Additionally, news also have subcategories and categories that were annotated by Microsoft as well as WikiData entities that Microsoft extracted from news titles and abstracts using NLP methods. I modeled these with nodes and relationships in the graph as well. I will touch on these briefly at the end, and they will be useful for extended analysis, but we will not be using them in this post. Our primary interest here is to get started with users and their click events to derive recommendations.

Technical Analysis

Going forward we will be working through the dataset to uncover insights for news recommendation and display code snippets along the way.
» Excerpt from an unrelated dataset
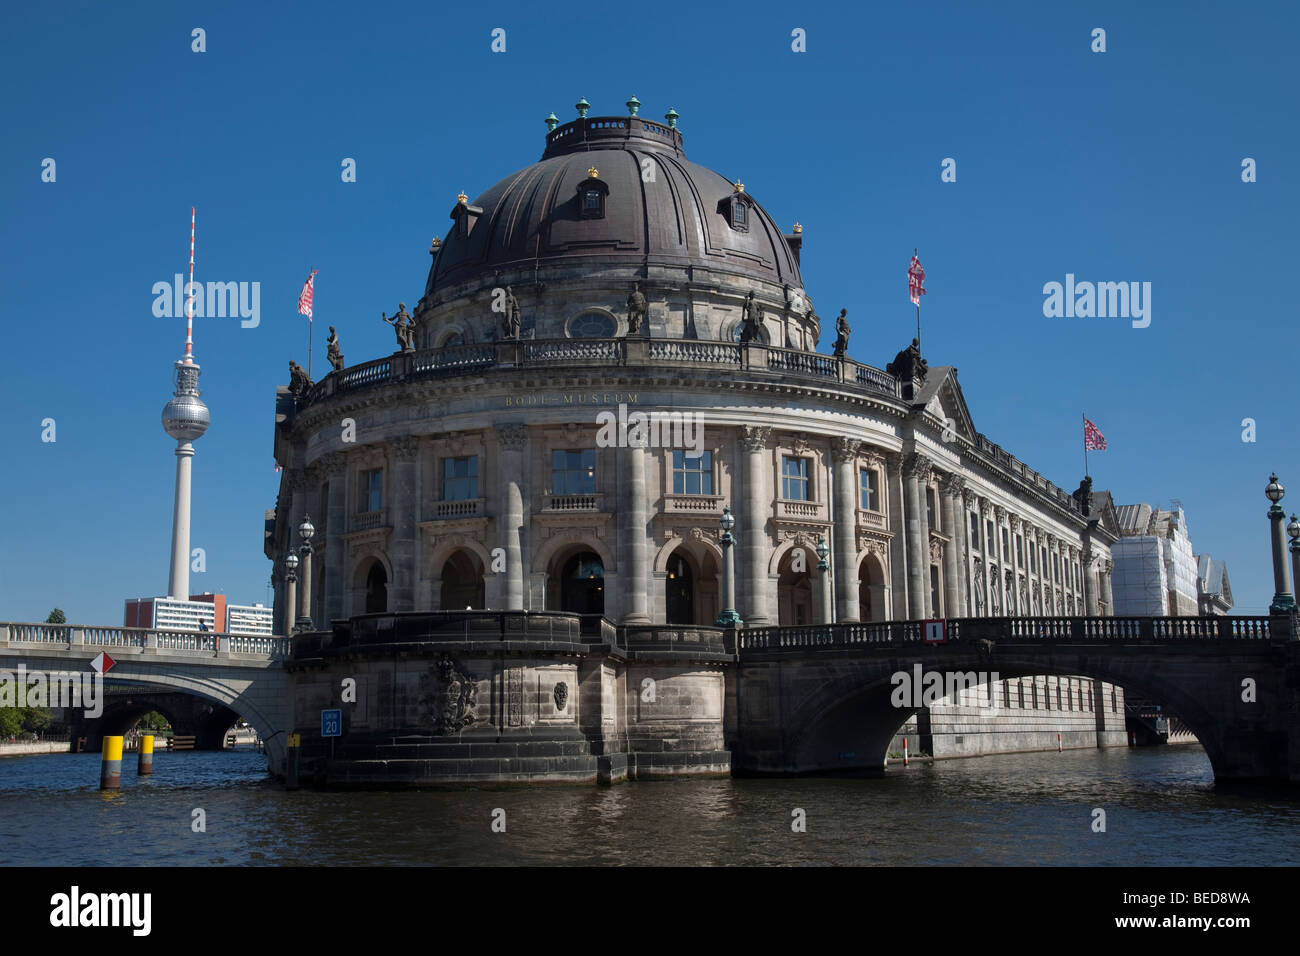 Bodemuseum, on Spree river, Berlin, Germany. with television tower in background Stock Photo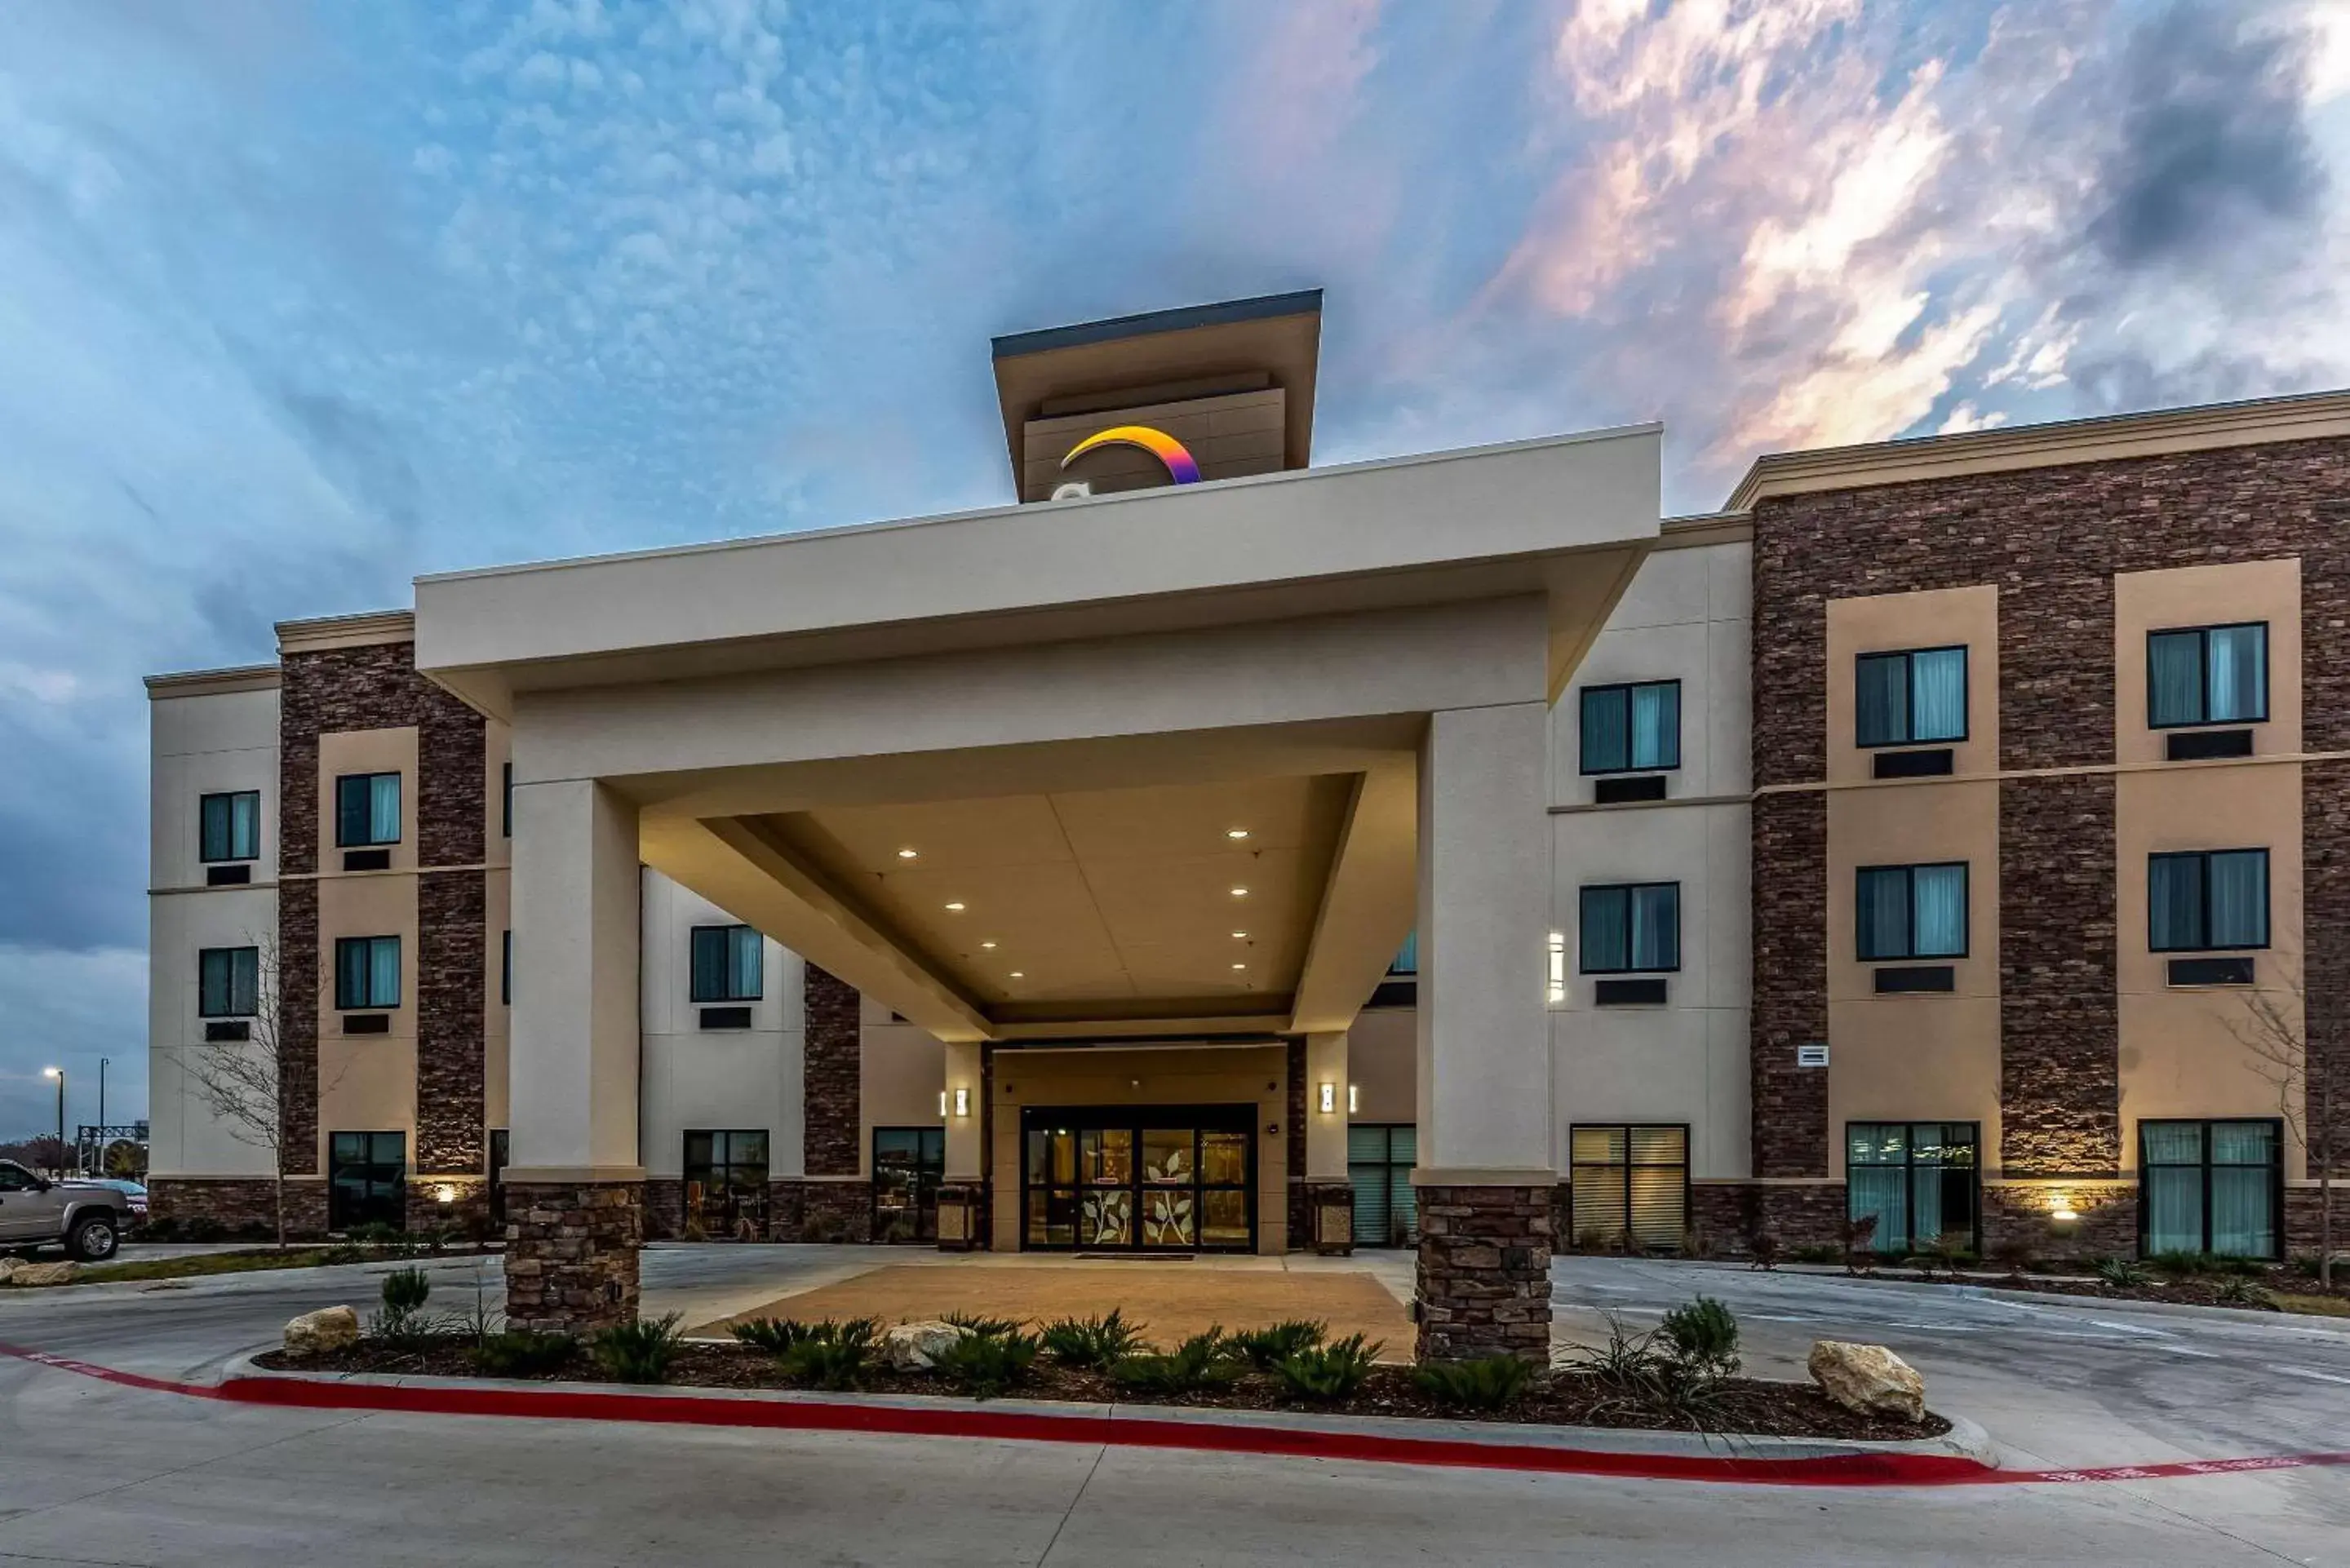 Other, Property Building in Sleep Inn & Suites Fort Worth - Fossil Creek

All the code below comes from the notebook here. While I think the code snippets are helpful for connecting the dots, there are some configurations and function definitions from the notebook that I do not repeat here for the sake of brevity. If you are interested in fully replicating the analysis in Python, please use the notebook as the source.

Graph Data Profiling

Before diving right into into analysis, it is helpful to inspect some high level statistics of the graph to get a better sense of size and connectivity.

Aggregate Counts

Let’s start with high node and relationships counts. These functions assume APOC is installed on your Neo4j DB.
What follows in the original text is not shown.